The future is always a dystopia and the past is always better than this mess we live in right now. That’s if literature has any ability to tell us about ourselves. Stories about the future: Forewarning. Stories about the good ol’ days: Heartening. Somewhere in our collective unconscious we believe there was a golden era of innocence and irresistible quaintness. The present is far from that—so the future has to be worse. Most likely involving robots … emoting and plotting their revenge.
The future scares us and we wish it could be more like it used to be. Therefore we freak out about change and demand tradition because it connects us to this proverbial Garden of Eden in our minds.
This logical glitch is a pestilence in American politics. Conservative politicians in particular pander to this notion; we must go back to the past. There it’s better because we were better.
Presumptive presidential candidate Mitt Romney’s punt on same-sex marriage is: “I agree with 3,000 years of history.” To him this means a love-based consensual marriage between one man and one woman; our current interpretation of marriage. Of course plural marriage, like that of Romney’s grandfathers has also been practiced in the last 3,000 years. As were arranged marriages. As were loveless contractual nuptials. Deuteronomy is pretty clear if a woman isn’t a virgin when she gets married she should be killed. It wasn’t until 1993 that North Carolina became the last state to remove the marriage exemption for rape. Regardless Romney, admits to agreeing with 3,000 years of marriage history. His Etch-a-Sketch must be set to history revision.
I personally don’t agree with any history before sewage systems, women’s suffrage or the Loving decision. I also refuse to romanticize any era before the advent of antibiotics.
The GOP’s objection to state-sanctioned monogamous homosexual relationships is, they offer, based on their belief in the Bible. The current crop of Republicans are less into Jesus (who didn’t like rich people or capital punishment) than they are into 1st Century values like stoning misfits in the public square. They’ve picked gay marriage to condemn as an evil out to kill us all, because for Republicans there actually IS a magic time in the not-so-distant past to be nostalgic for—specifically 2004. Then gay marriage was the perfect catalyst to get people to vote Republican. Hence Dubya’s second term.
And now? Now in the wake of the unremarkable ending to Don’t Ask, Don’t Tell (which funny enough is no longer talked about), gay rights doesn’t have the same bite. In 2005 the Supreme Court made sodomy legal in all 50 states and since then there have been absolutely no reports of anyone turning into a pillar of salt. But Republicans who pride themselves on being traditional and firmly planted in the past regardless of folly—are going to try and chum the water with something as anemic as spousal privilege.
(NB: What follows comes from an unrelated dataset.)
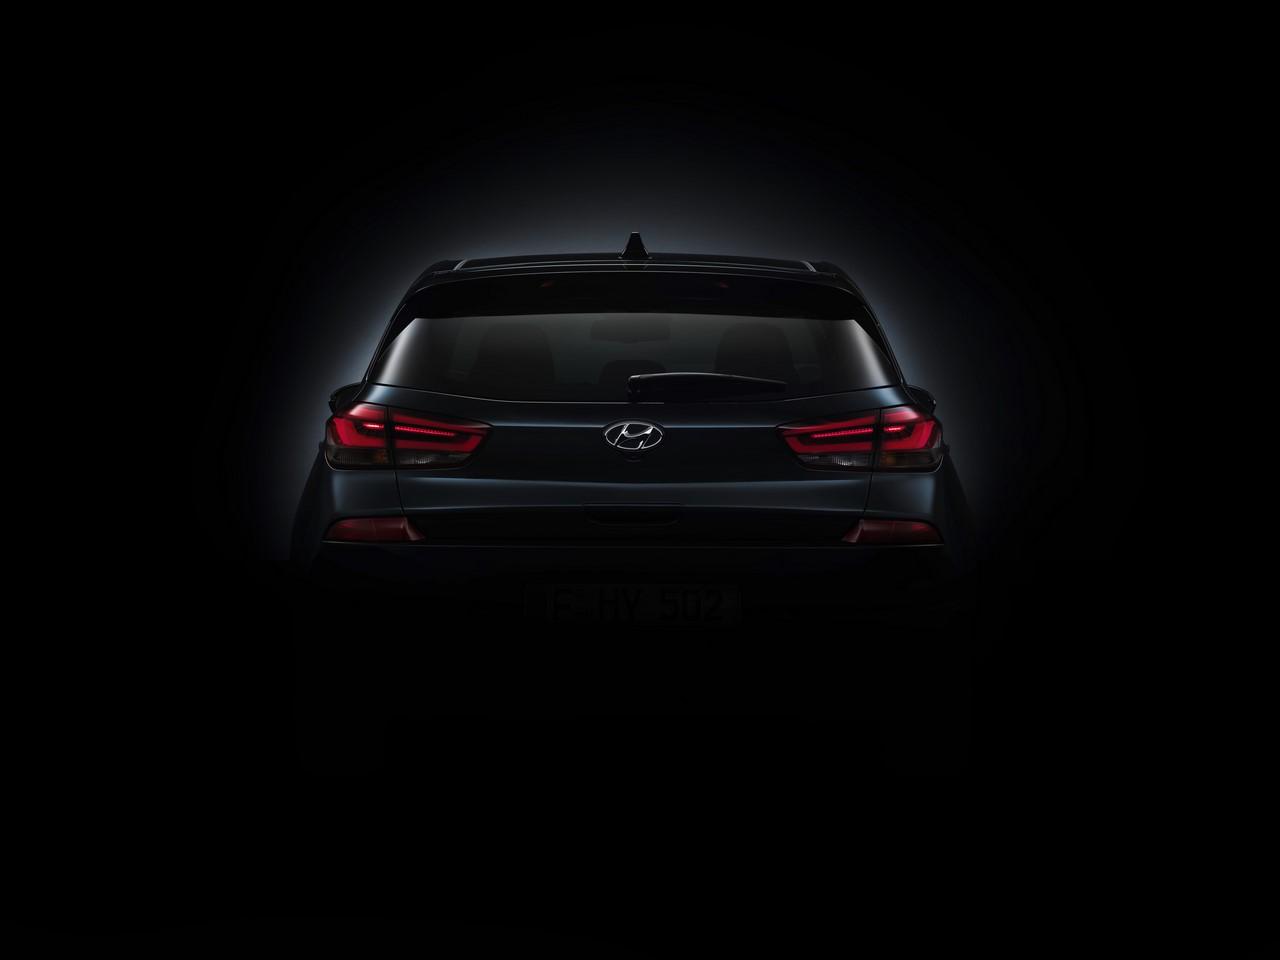 2017 Hyundai i30 rear teaser

Last week President Obama said he supported gays being allowed to marry. This was the right thing to do. But it wasn’t the radical thing to do—it’s popular. Most Americans agree that homosexuals should be able to be married. According to a recent Gallup poll 51 percent of Americans agree with President Obama on this issue.
Will gay marriage corrode the foundation of this country? When gay marriage becomes the norm (which it will eventually) we probably won’t even notice. We’ll get the same amount of wedding invites only all of these will be legal. You’ll know the same amount of gays you know now. Our children will have the same likelihood of being homosexual as they do now. Very few American’s lives will change. It’s just a minority—a persecuted, ostracized, demonized minority—of Americans whose lives will improve with the option for full-legal rights as a married couple.
That’s if the past is actually prologue … instead of paradise.